To operate the device, rod 22 is moved laterally along transfer slot 38, which is formed between rails 40. At intervals along one of the rails 40 there are located a number of cut-outs 42 of a size sufficient so that the area of the cut-out 42, together with the area of the adjacent slot 38, is large enough to accomodate the cross sectional area of rod 22. The cut-outs 42 are located above each of the storage bins 34 so that when rod 22 encounters a cut-out, it can be lowered into a storage bin 34 to allow the adhesive pad 26 to be brought into adhering contact with the article 36 to be purchased. After the article 36 is contacted and securely adhered to pad 26, rod 22 is raised until the notch 30 in rod 22 again reaches the rails 40, at which point the notch 30 is capable of re-engaging one of the rails 40. The rod 22 can then be moved laterally until it reaches the cut-out 42 located over the accessable area 44. At this point, rod 22 is lowered through the cut-out 42 to the section of the accessable area 44 where the purchaser can grasp and detach the article purchased.

The placement of rod 22 in the device of the invention is such that it passes through hole 46 in guide block 48. Guide block 48 is adapted to slide along rails 50, forming rod slot 52, and serves the purpose of maintaining rod 22 in a substantially vertical position, thereby helping to guide its movements, both vertically and laterally.
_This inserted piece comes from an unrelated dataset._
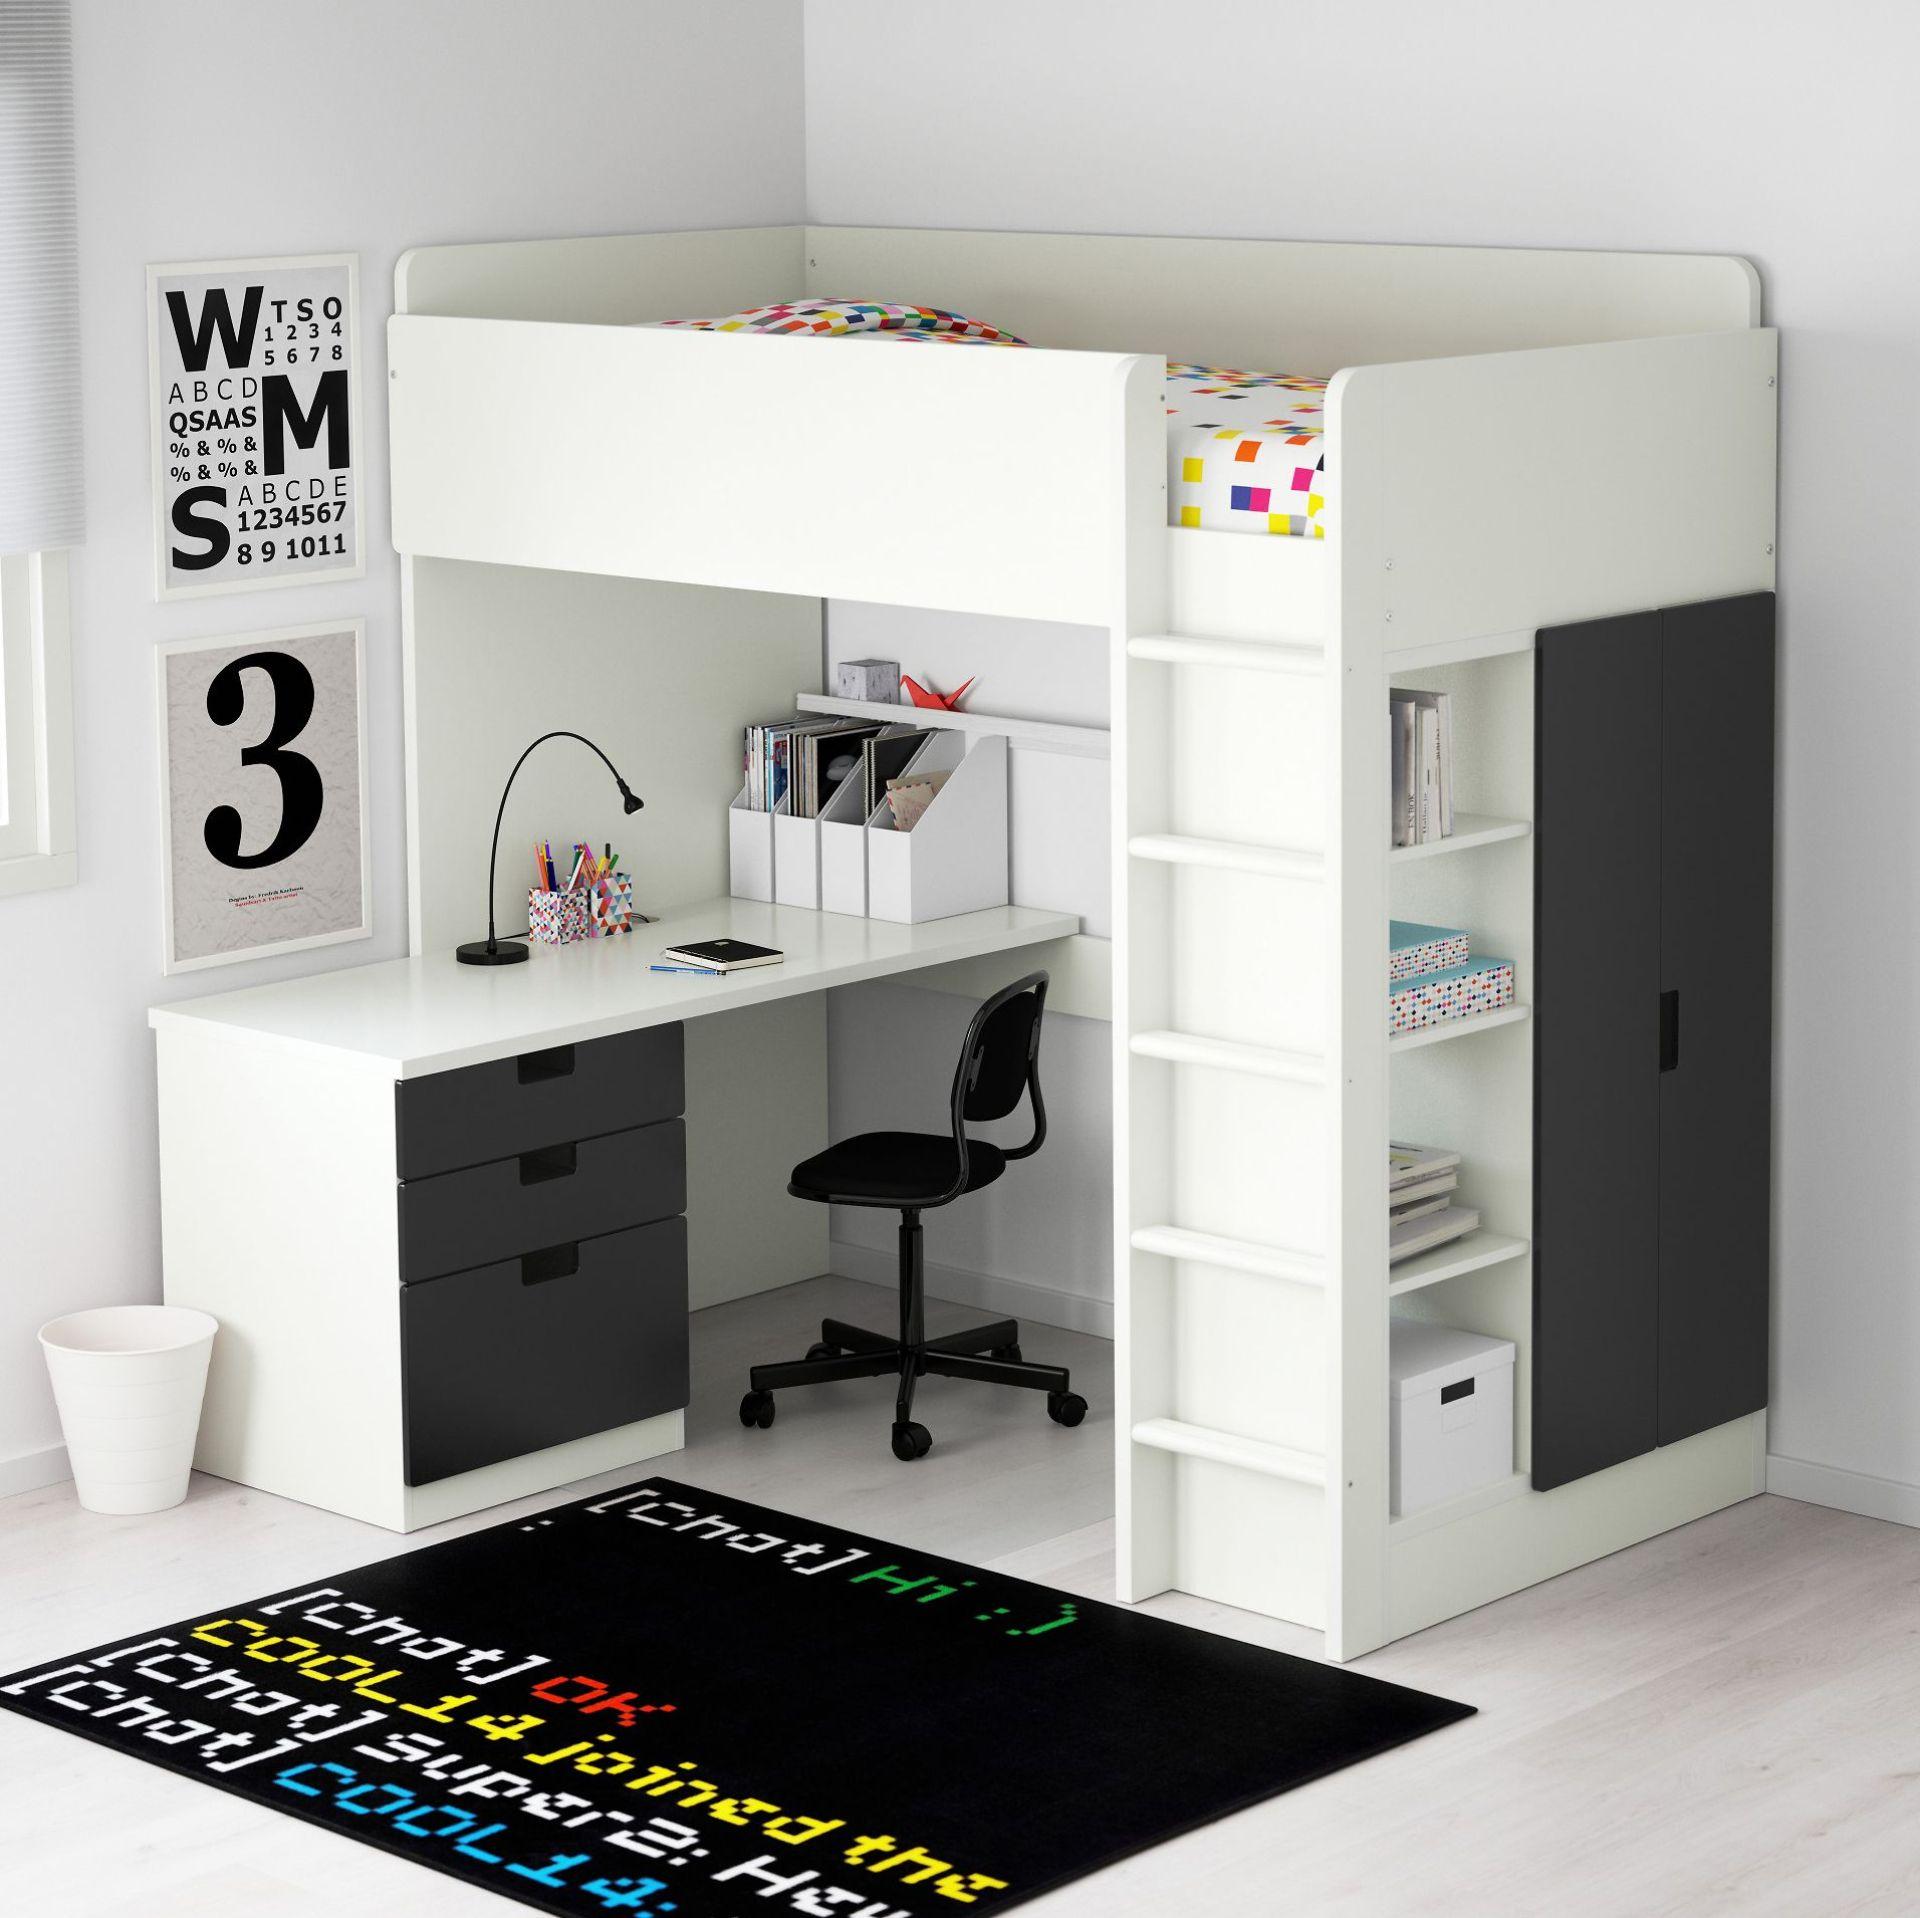 Assembling children's furniture IKEA

The retrieval release mechanism 54, which is designed to limitedly rotate in either direction around pivot point 56 as shown by the adjacent arrows, determines whether the rod 22 is free to travel down rod slot 52 into storage bins 34 where the articles 36 for sale are stored. Rotation of the retrieval release mechanism 54 is controlled by connecting hook 58, attached to coin receiver 60. The hook is slidably connected to arm 62 through hook slot 64. When coins of the proper denomination are inserted in the coin receiver 60, which is shown with one of its sides partially cut away for clarity, the coin receiver is free to slide to the right as shown by one of the adjacent arrows. Projecting arm 66 of the retrieval release mechanism 54 can thus be rotated in a counterclockwise direction around the mechanism 54 pivot point 56 far enough so that the arm no longer obstructs the travel of the rod along rod slot 52 into the storage bin 34 area. When rod 22 travels in the reverse direction in the process of retrieving an article 36, it again encounters the retrieval release mechanism 54 and contacts projecting arm 68 which was rotated over rod slot 52 at the same time arm 66 was rotated out of the way during travel of rod 22 to the storage bin 34 area. As projecting arm 68 is contacted, it rotates the retrieval release mechanism 54 in a clockwise direction, moving projecting arm 68 out of the way, thereby allowing rod 22 to reach purchaser accessable area 44. As projecting arm 68 moves out of the way, projecting arm 66 again moves over and obstructs rod slot 52, resetting the retrieval release mechanism 54 in its obstructing mode.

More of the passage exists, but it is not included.